Among aging men and women, falls represent a major adverse event that can lead to significant disability, or death. Andrea Trombetti, from the University Hospitals and Faculty of Medicine of Geneva (Switzerland), and colleagues studied a group of 134 community-dwelling seniors, average age 75.5 years. who were randomized to six months of one-hour weekly sessions of a music-based exercise program, or to a six-month delay (after which they could participate in the program). The music-based exercise program significantly reduced gait variability — stride-to-stride fluctuations in walking associated with an increased risk of falls.  The improvement in stride length variability was seen even when participants did dual-task exercises, such as walking and counting backwards, to the accompaniment of piano music. The team also observed marked improvements on single-task exercises, such as the one-legged stance task.

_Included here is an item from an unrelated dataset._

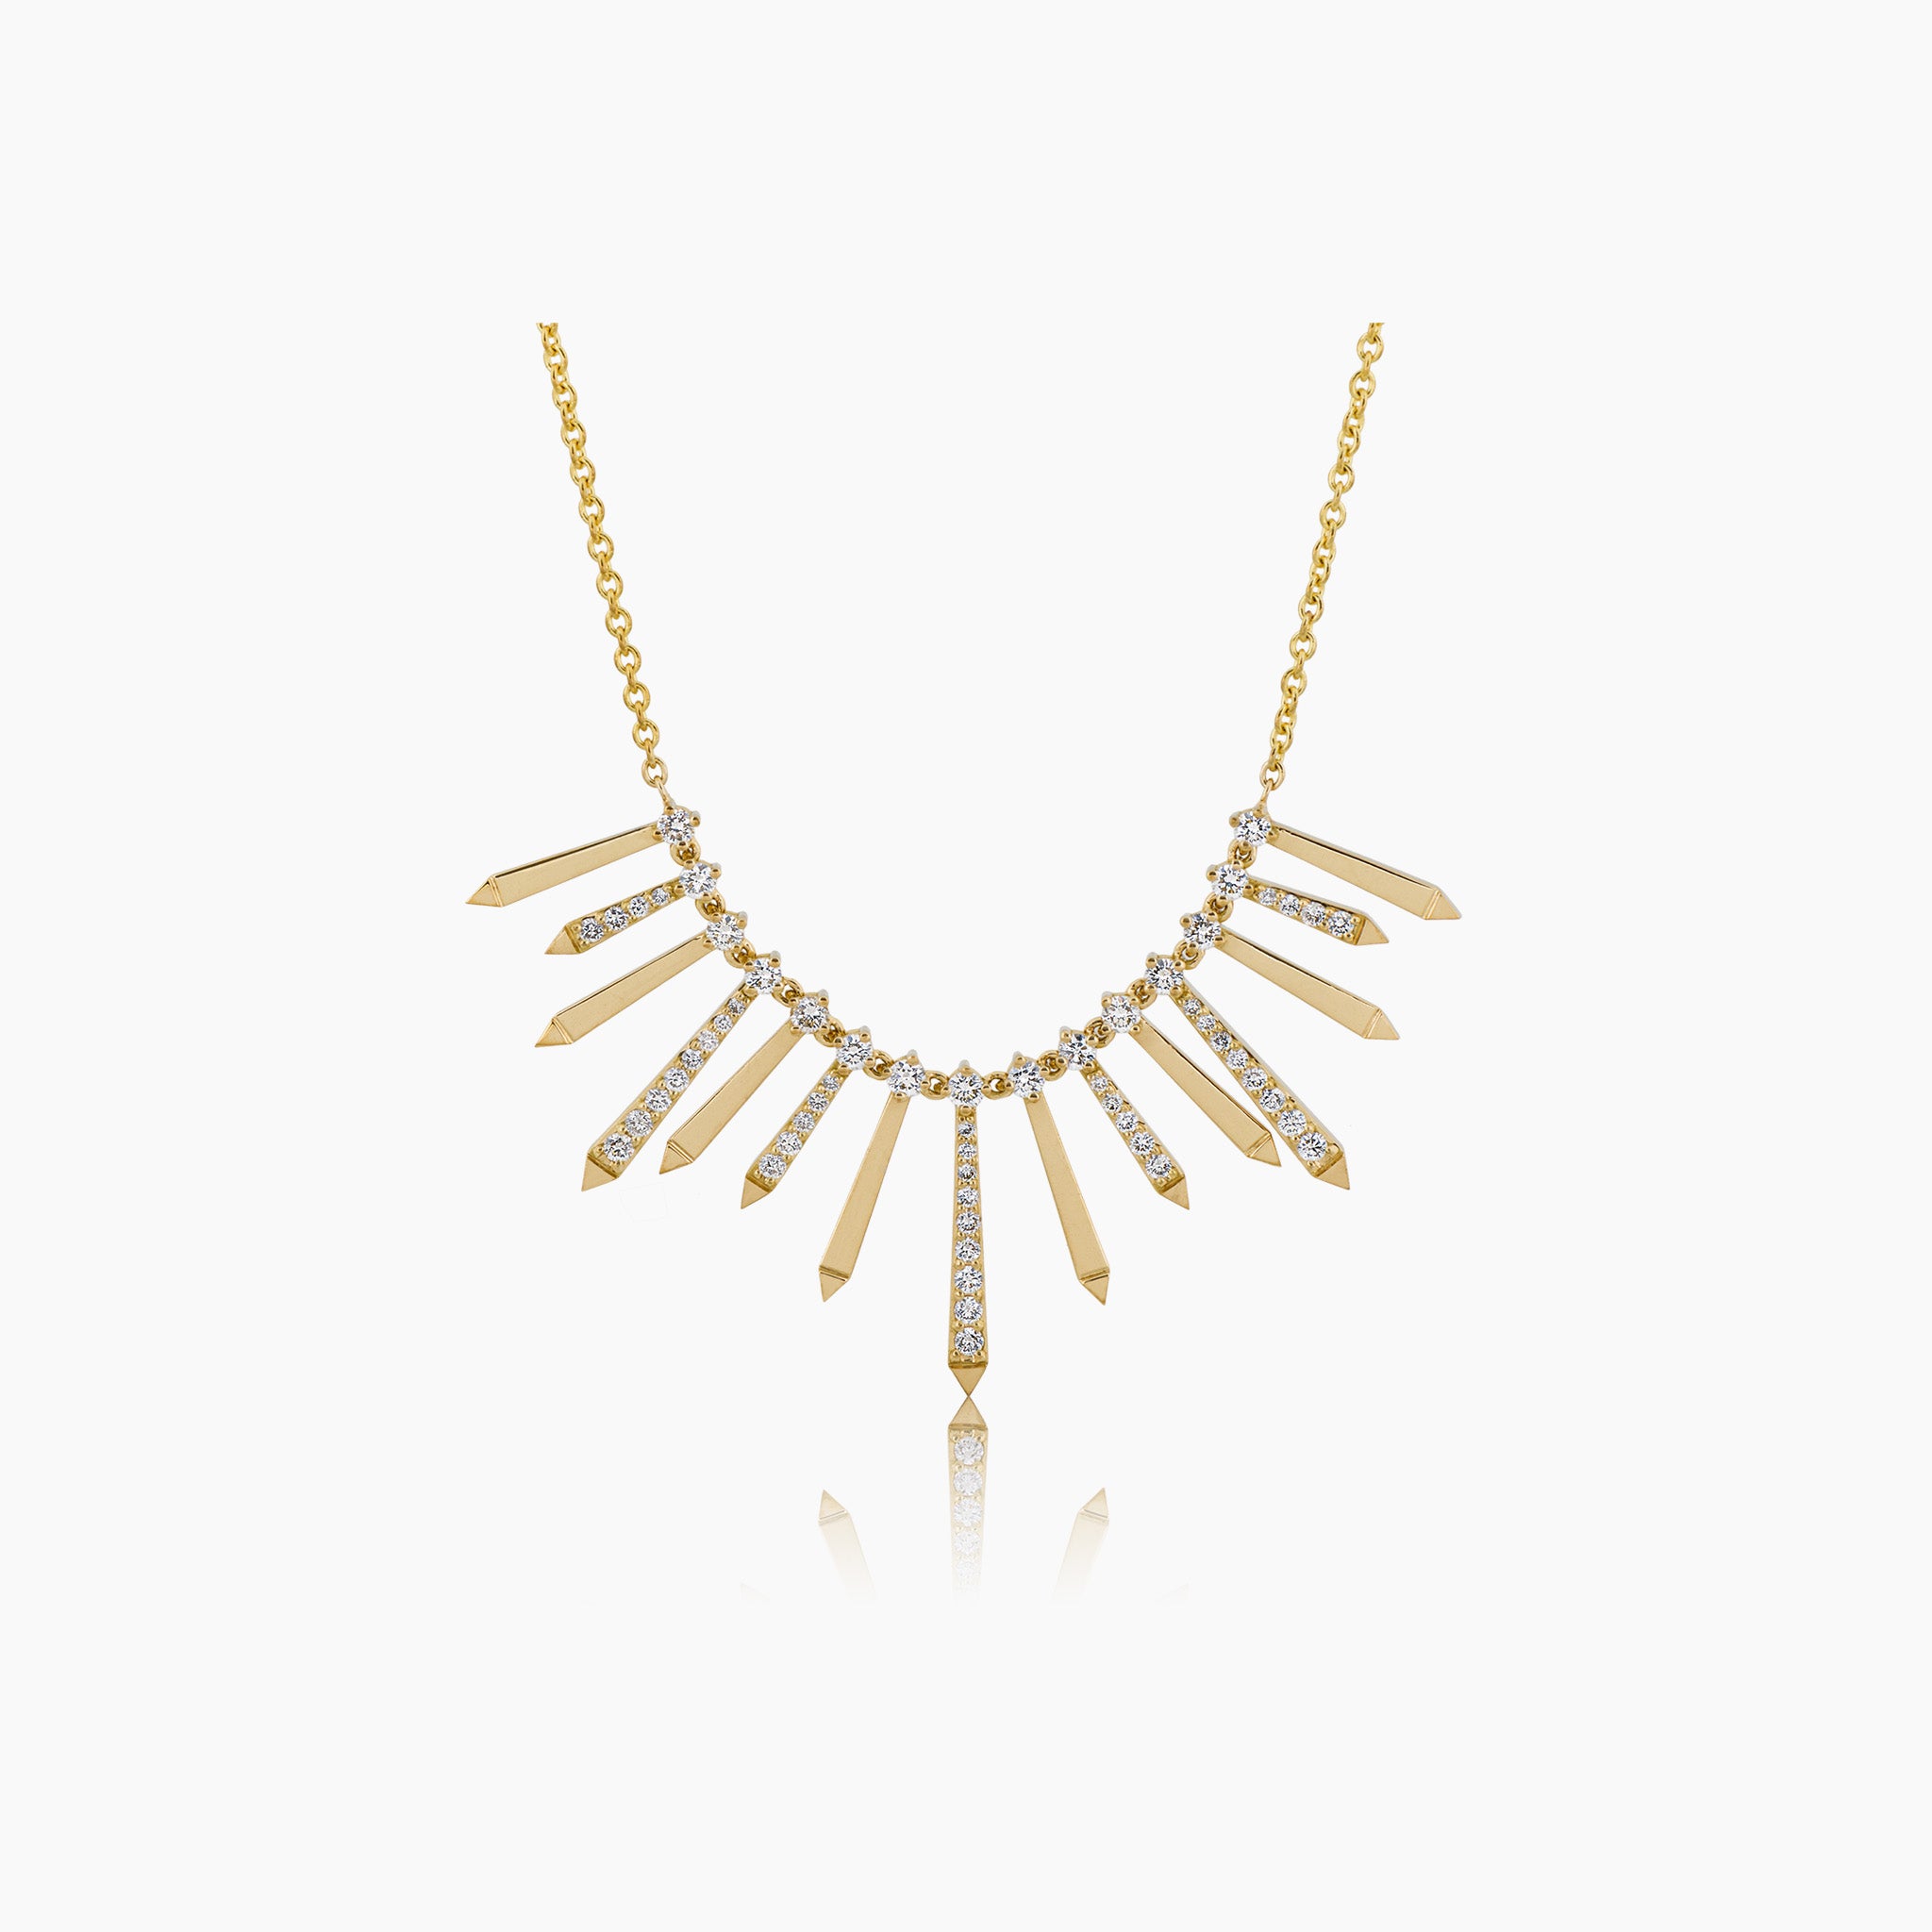 A radiant and sophisticated necklace crafted in gleaming yellow gold, adorned with dazzling diamonds, presented against an off-white background.
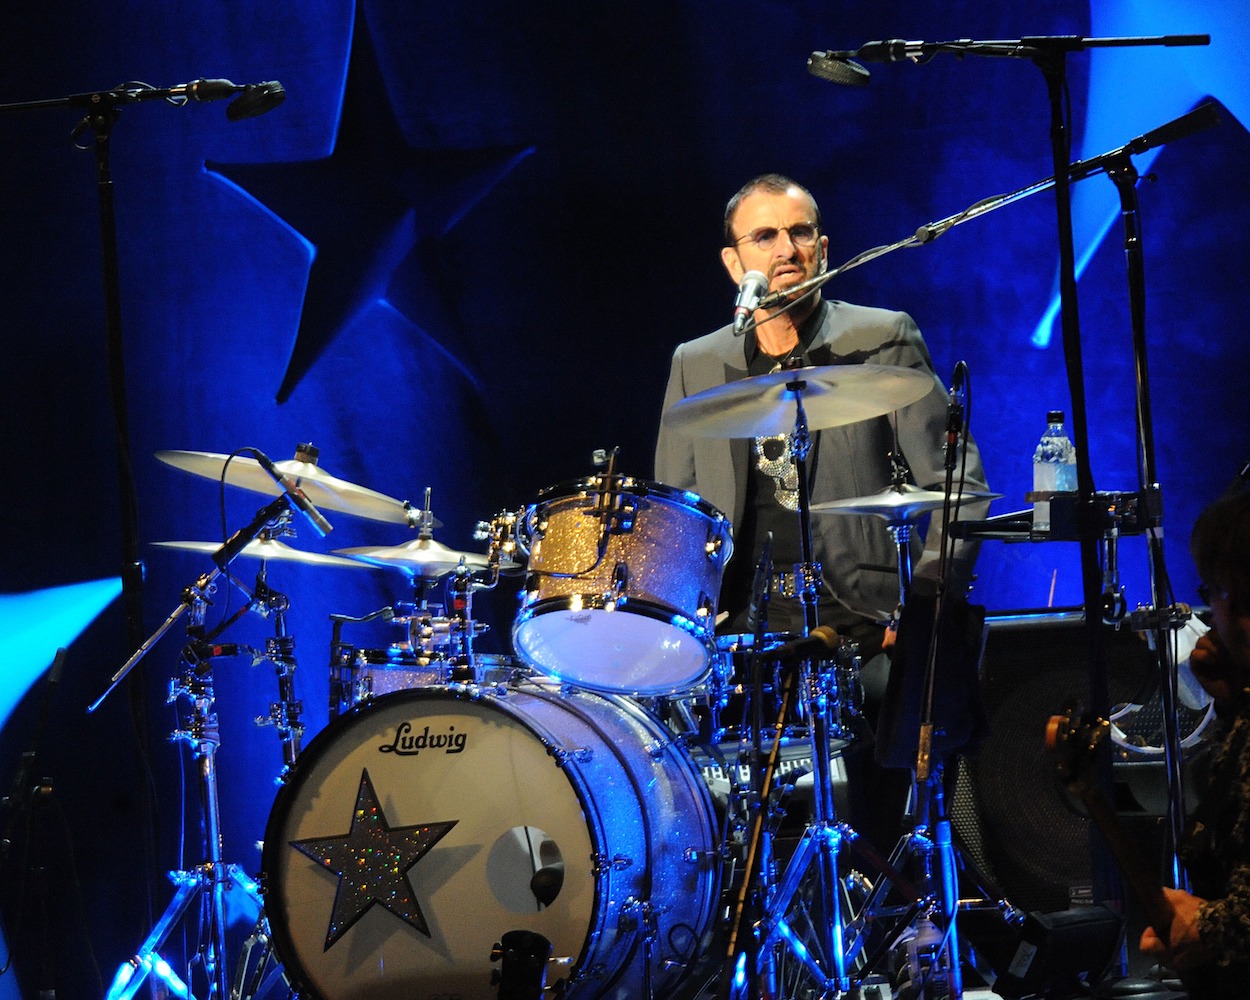 Ringo Starr, who picked up a new hobby during the coronavirus (COVID-19) pandemic, plays drums during a 2015 concert.

During the intervention period, participants in the music-based exercise program fell less frequently than controls, and the number of participants who experienced one or more falls also was significantly lower as well.  After one year, the researchers found that the participants who took part in the music-based exercise program maintained many of their improvements.  Positing that the benefits may have resulted from increased skills coordination or improvements in attention and executive functioning, the researchers conclude that: “In community-dwelling older people at increased risk of falling, a 6-month music-based multitask exercise program improved gait under dual-task condition, improved balance, and reduced both the rate of falls and the risk of falling.”

Andrea Trombetti; Melany Hars; Francois R. Herrmann; Reto W. Kressig; Serge Ferrari; Rene Rizzoli.  “Effect of Music-Based Multitask Training on Gait, Balance, and Fall Risk in Elderly People: A Randomized Controlled Trial.”  Arch Intern Med, November 2010; doi:10.1001/archinternmed.2010.446.